= Plural =

Grammatical number

In many languages, a plural (sometimes abbreviated as pl., pl, pl., or pl), is one of the values of the grammatical category of number. The plural of a noun typically denotes a quantity greater than the default quantity represented by that noun. This default quantity is most commonly one (a form that represents this default quantity of one is said to be of singular number). Therefore, plurals most typically denote two or more of something, although they may also denote fractional, zero or negative amounts. An example of a plural is the English word boys, which corresponds to the singular boy.

Words of other types, such as verbs, adjectives and pronouns, also frequently have distinct plural forms, which are used in agreement with the number of their associated nouns.

Some languages also have a dual (denoting exactly two of something) or other systems of number categories. However, in English and many other languages, singular and plural are the only grammatical numbers, except for possible remnants of dual number in pronouns such as both and either, and in tendency for stock phrases to use "two" as an umbrella term for "many" (eg "double jeopardy" includes prosecuting a person three, four or a dozen times on the same charge).

==Use in systems of grammatical number ==
In many languages, there is also a dual number (used for indicating two objects). Some other grammatical numbers present in various languages include trial (for three objects) and paucal (for an imprecise but small number of objects). In languages with dual, trial, or paucal numbers, plural refers to numbers higher than those. However, numbers besides singular, plural, and (to a lesser extent) dual are extremely rare. Languages with numerical classifiers such as Chinese and Japanese lack any significant grammatical number at all, though they are likely to have plural personal pronouns.

Some languages (like Mele-Fila) distinguish between a plural and a greater plural. A greater plural refers to an abnormally large number for the object of discussion. The distinction between the paucal, the plural, and the greater plural is often relative to the type of object under discussion. For example, in discussing oranges, the paucal number might imply fewer than ten, whereas for the population of a country, it might be used for a few hundred thousand.

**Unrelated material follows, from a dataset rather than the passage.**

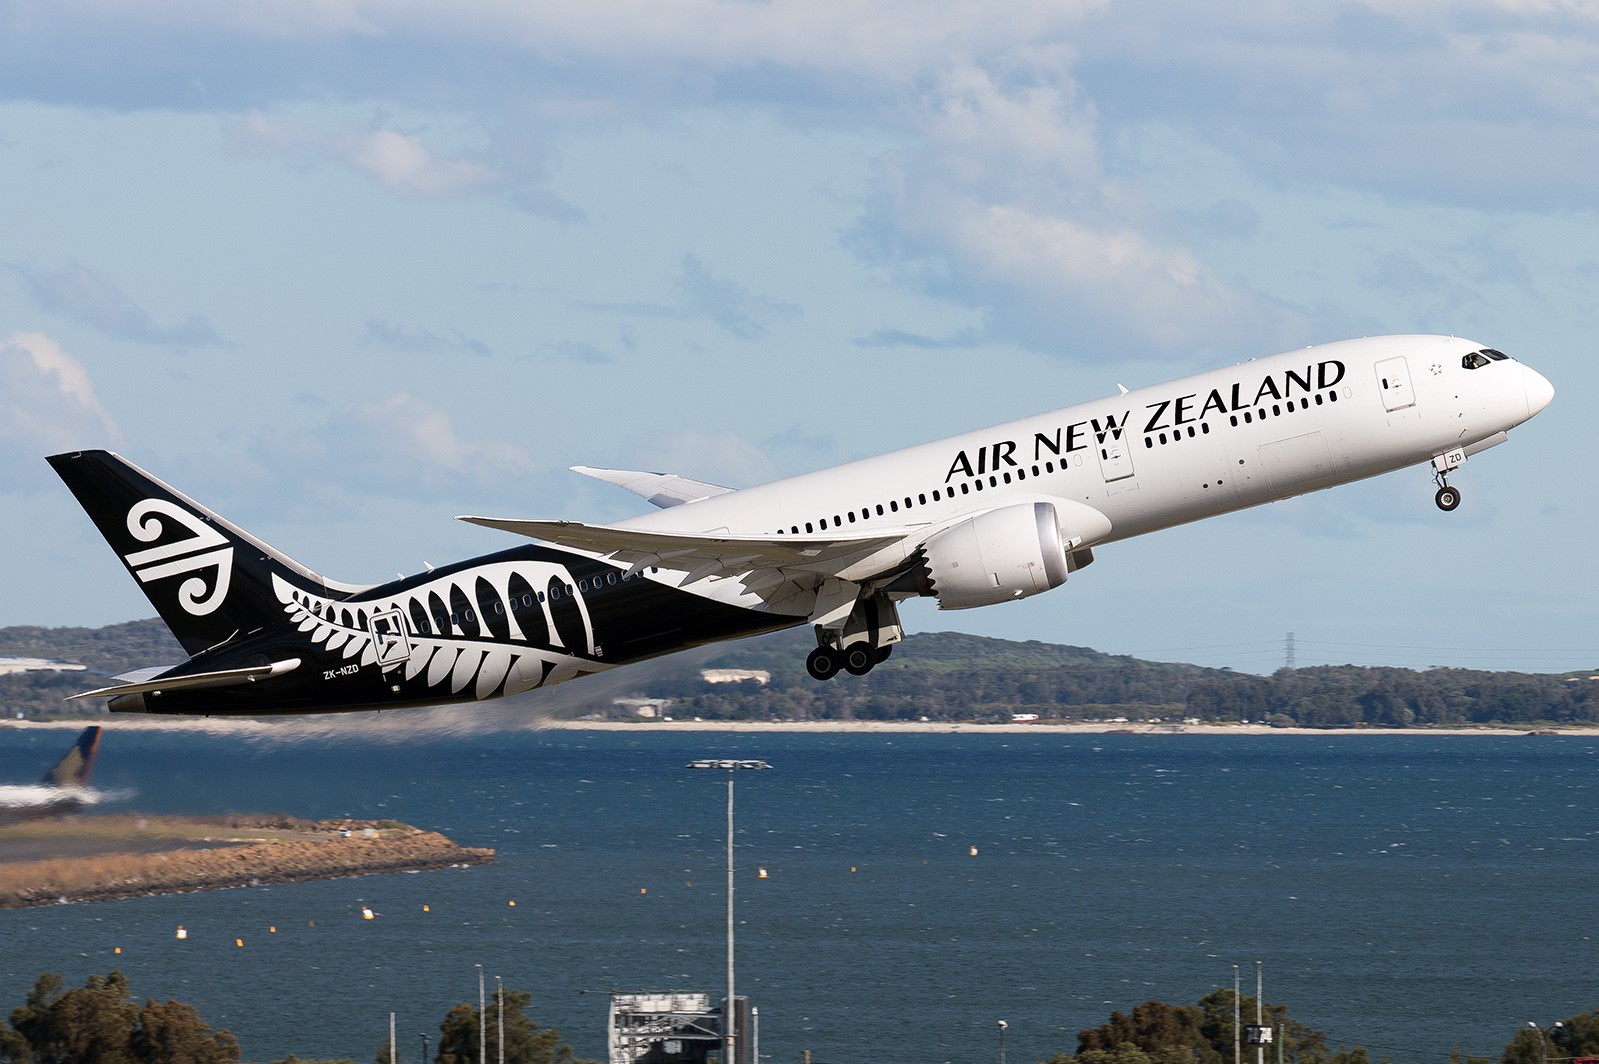 目的地上海 新西兰航空将使用787-9客机进行首次货运航班

The Austronesian languages of Sursurunga and Lihir have extremely complex grammatical number systems, with singular, dual, paucal, greater paucal, and plural.

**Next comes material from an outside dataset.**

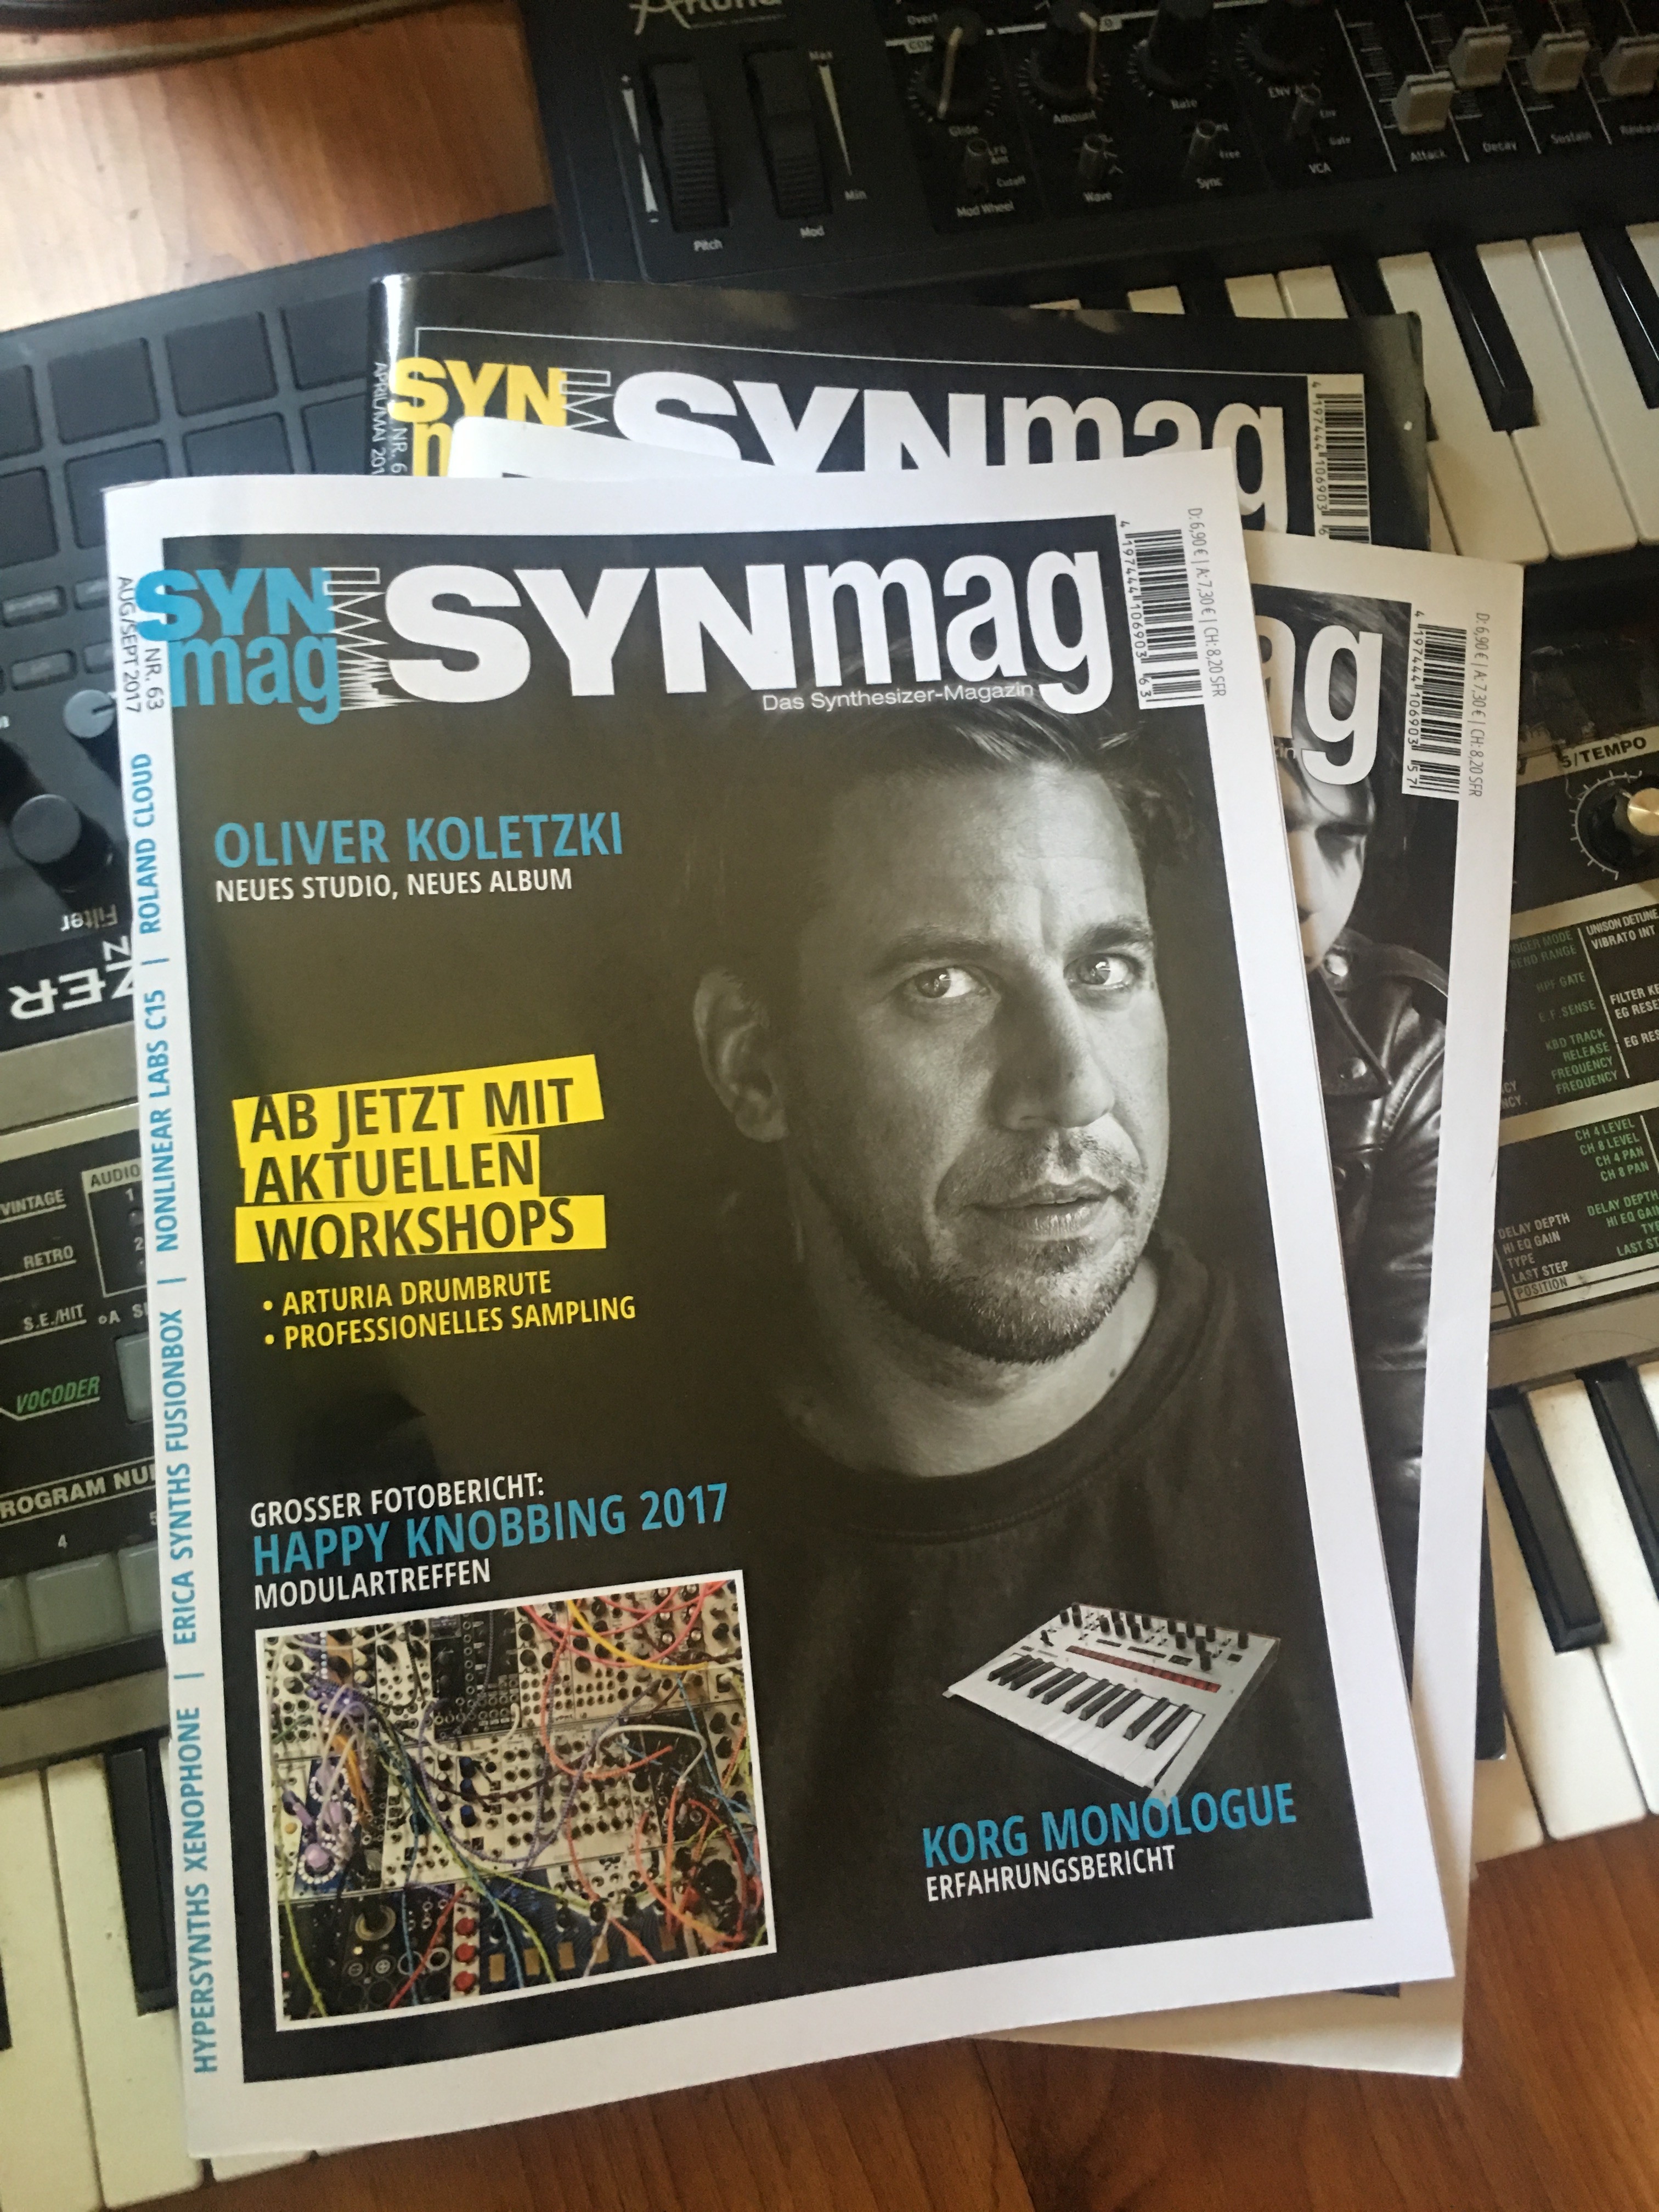 Synmag 63 Das Synthesizer-magazin

Traces of the dual and paucal can be found in some Slavic and Baltic languages (apart from those that preserve the dual number, such as Slovene). These are known as "pseudo-dual" and "pseudo-paucal" grammatical numbers. For example, Polish and Russian use different forms of nouns with the numerals 2, 3, or 4 (and higher numbers ending with these) than with the numerals 5, 6, etc. (genitive singular in Russian and nominative plural in Polish in the former case, genitive plural in the latter case). Also some nouns may follow different declension patterns when denoting objects which are typically referred to in pairs. For example, in Polish, the noun "oko", among other meanings, may refer to a human or animal eye or to a drop of oil on water. The plural of "oko" in the first meaning is "oczy" (even if actually referring to more than two eyes), while in the second it is "oka" (even if actually referring to exactly two drops).

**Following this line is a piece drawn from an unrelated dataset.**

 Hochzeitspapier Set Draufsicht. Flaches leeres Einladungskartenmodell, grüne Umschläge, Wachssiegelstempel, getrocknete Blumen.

Traces of dual can also be found in Modern Hebrew. Biblical Hebrew had grammatical dual via the suffix -ạyim as opposed to -īm for masculine words. Contemporary use of a true dual number in Hebrew is chiefly used in words regarding time and numbers. However, in Biblical and Modern Hebrew, the pseudo-dual as plural of "eyes" ʿạyin / ʿēnạyim "eye / eyes" as well as "hands", "legs" and several other words are retained. For further information, see Dual (grammatical number).

Certain nouns in some languages have the unmarked form referring to multiple items, with an inflected form referring to a single item. These cases are described with the terms collective number and singulative number. Some languages may possess a massive plural and a numerative plural, the first implying a large mass and the second implying division (like the English modifer "respective[ly]"). For example, "the [combined] waters of the Atlantic Ocean" versus, "the waters of [each of] the Great Lakes [respectively]".

Ghil'ad Zuckermann uses the term superplural to refer to massive plural. He argues that the Australian Aboriginal Barngarla language has four grammatical numbers: singular, dual, plural and superplural. For example:
- wárraidya "emu" (singular)
- wárraidyalbili "two emus" (dual)
- wárraidyarri "emus" (plural)
- wárraidyailyarranha "a lot of emus", "heaps of emus" (superplural)

==Formation of plurals==
A given language may make plural forms of nouns by various types of inflection, including the addition of affixes, like the English -(e)s and -ies suffixes, or ablaut, as in the derivation of the plural geese from goose, or a combination of the two. Some languages may also form plurals by reduplication, but not as productively. It may be that some nouns are not marked for plural at all, like sheep and series in English. In languages which also have a case system, such as Latin and Russian, nouns can have not just one plural form but several, corresponding to the various cases. The inflection might affect multiple words, not just the noun; the noun itself need not become plural as such, with other parts of the expression indicating the plurality.

In English, the most common formation of plural nouns is by adding an -s suffix to the singular noun. (For details and different cases, see English plurals.) Just like in English, noun plurals in French, Spanish, and Portuguese are also typically formed by adding an -s suffix to the lemma form, sometimes combining it with an additional vowel. (In French, however, this plural suffix is often not pronounced.) This construction is also found in German and Dutch, but only in some nouns. Suffixing is cross-linguistically the most common method of forming plurals.

In Welsh, the reference form, or default quantity, of some nouns is plural, and the singular form is formed from it, e.g., llygod, mice -> llygoden, mouse; erfin, turnips -> erfinen, turnip.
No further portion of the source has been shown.